Caching vs Incremental Execution

dagron also provides an IncrementalExecutor that re-executes only nodes in the "dirty set" of explicitly changed nodes. The key difference:

FeatureCachedDAGExecutorIncrementalExecutor
Cross-run persistenceYes (disk-backed)No (in-memory)
InvalidationAutomatic (Merkle keys)Manual (changed_nodes list)
OverheadHash computation + disk I/ODirty-set computation
Best forCI pipelines, batch jobsInteractive/reactive workflows

You can use both together: CachedDAGExecutor for cross-run caching and IncrementalExecutor for within-run incremental updates.


Writing a Custom Backend

Implement the CacheBackend protocol to use Redis, S3, or any storage system:

from dagron.execution.content_cache import CacheBackend, CacheEntryMetadata, CacheStats

class RedisCacheBackend:
"""Example Redis-backed cache backend."""

def __init__(self, redis_url: str):
import redis
self._client = redis.from_url(redis_url)
self._stats = CacheStats()

def get(self, key: str) -> tuple[any, bool]:
data = self._client.get(f"dagron:{key}")
if data is None:
self._stats.misses += 1
return None, False
import pickle
self._stats.hits += 1
return pickle.loads(data), True

def put(self, key: str, value: any, metadata: CacheEntryMetadata) -> None:
import pickle
data = pickle.dumps(value)
self._client.set(f"dagron:{key}", data)

def has(self, key: str) -> bool:
return self._client.exists(f"dagron:{key}") > 0

def delete(self, key: str) -> None:
self._client.delete(f"dagron:{key}")

def clear(self) -> None:
for key in self._client.scan_iter("dagron:*"):
self._client.delete(key)

def stats(self) -> CacheStats:
return self._stats

# Usage
backend = RedisCacheBackend("redis://localhost:6379")
cache = ContentAddressableCache(backend)
executor = CachedDAGExecutor(dag, cache)

Best Practices

  1. Use a TTL in production.

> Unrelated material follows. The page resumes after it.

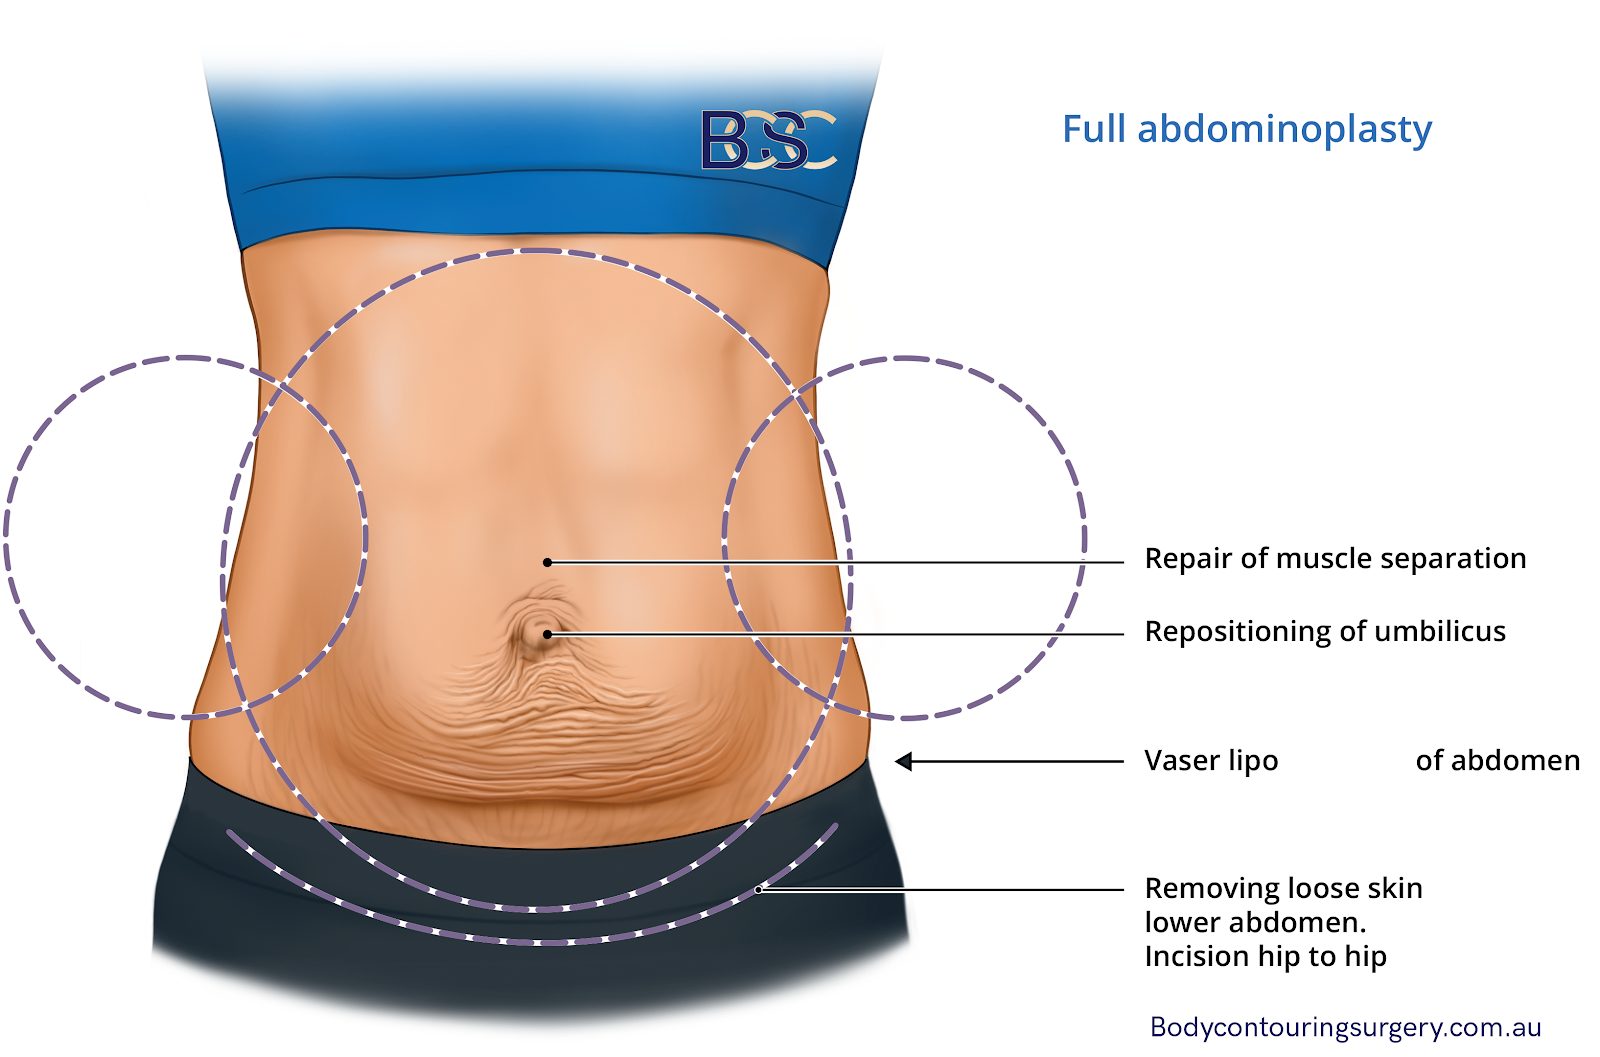 Illustration of Full abdominoplasty

Without a TTL, stale cache entries from old pipeline versions can accumulate. A TTL of 24-48 hours is a reasonable default.

  2. Set max_size_bytes. Prevent the cache from consuming unbounded disk space.

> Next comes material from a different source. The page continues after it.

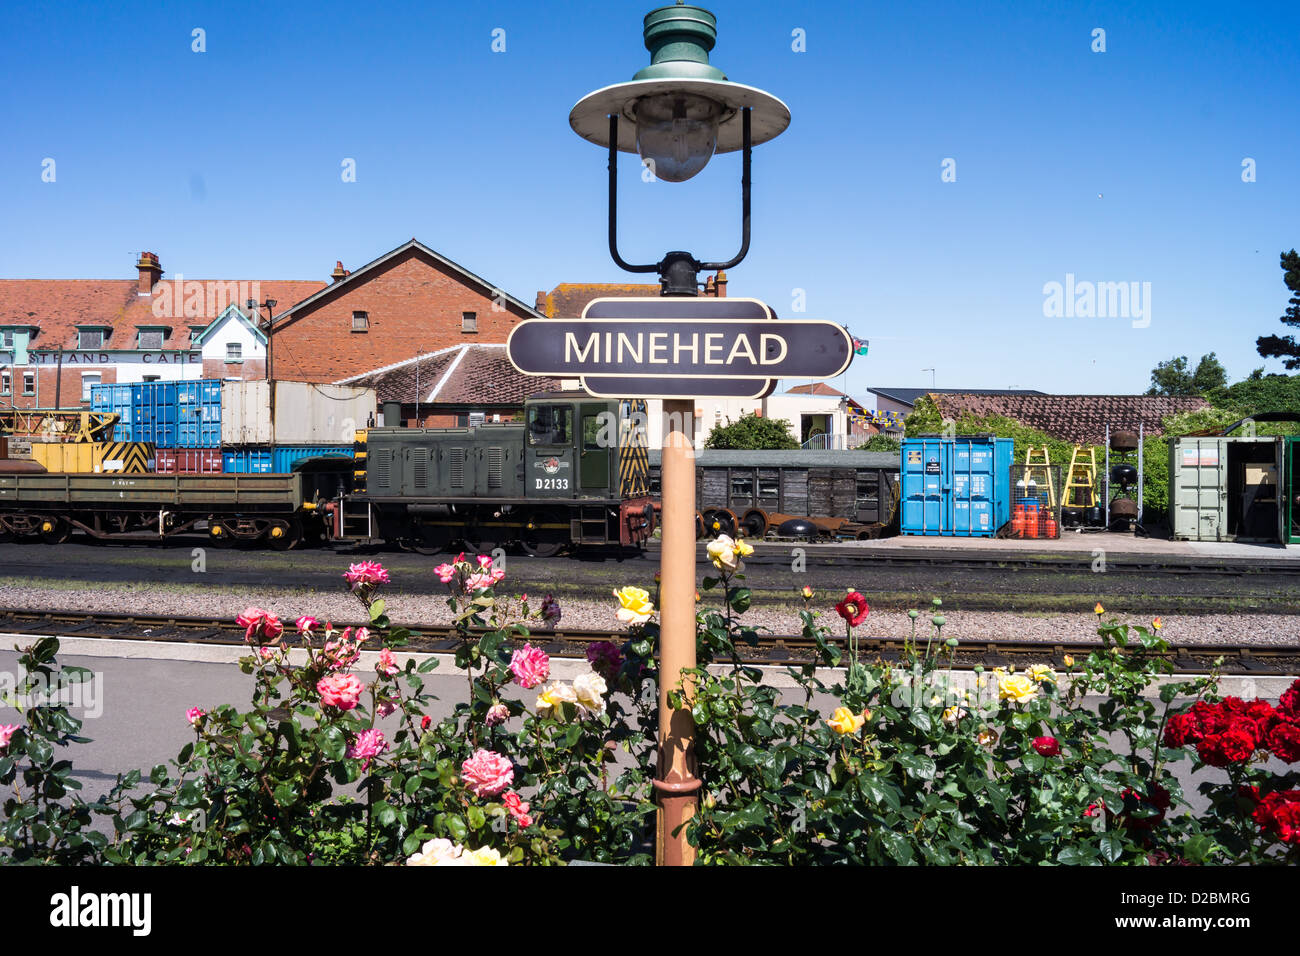 Minehead station platform Stock Photo

  3. Use CacheKeyProtocol for large objects. If your nodes return multi-GB DataFrames, implement __dagron_cache_key__() to hash a fingerprint instead of the full data.

  4. Monitor hit_rate. A low hit rate suggests frequent code changes or non-deterministic task outputs. Check CacheStats after each run.

  5. Share caches across CI runs. Mount the cache directory as a persistent volume in your CI system to get cross-run cache hits.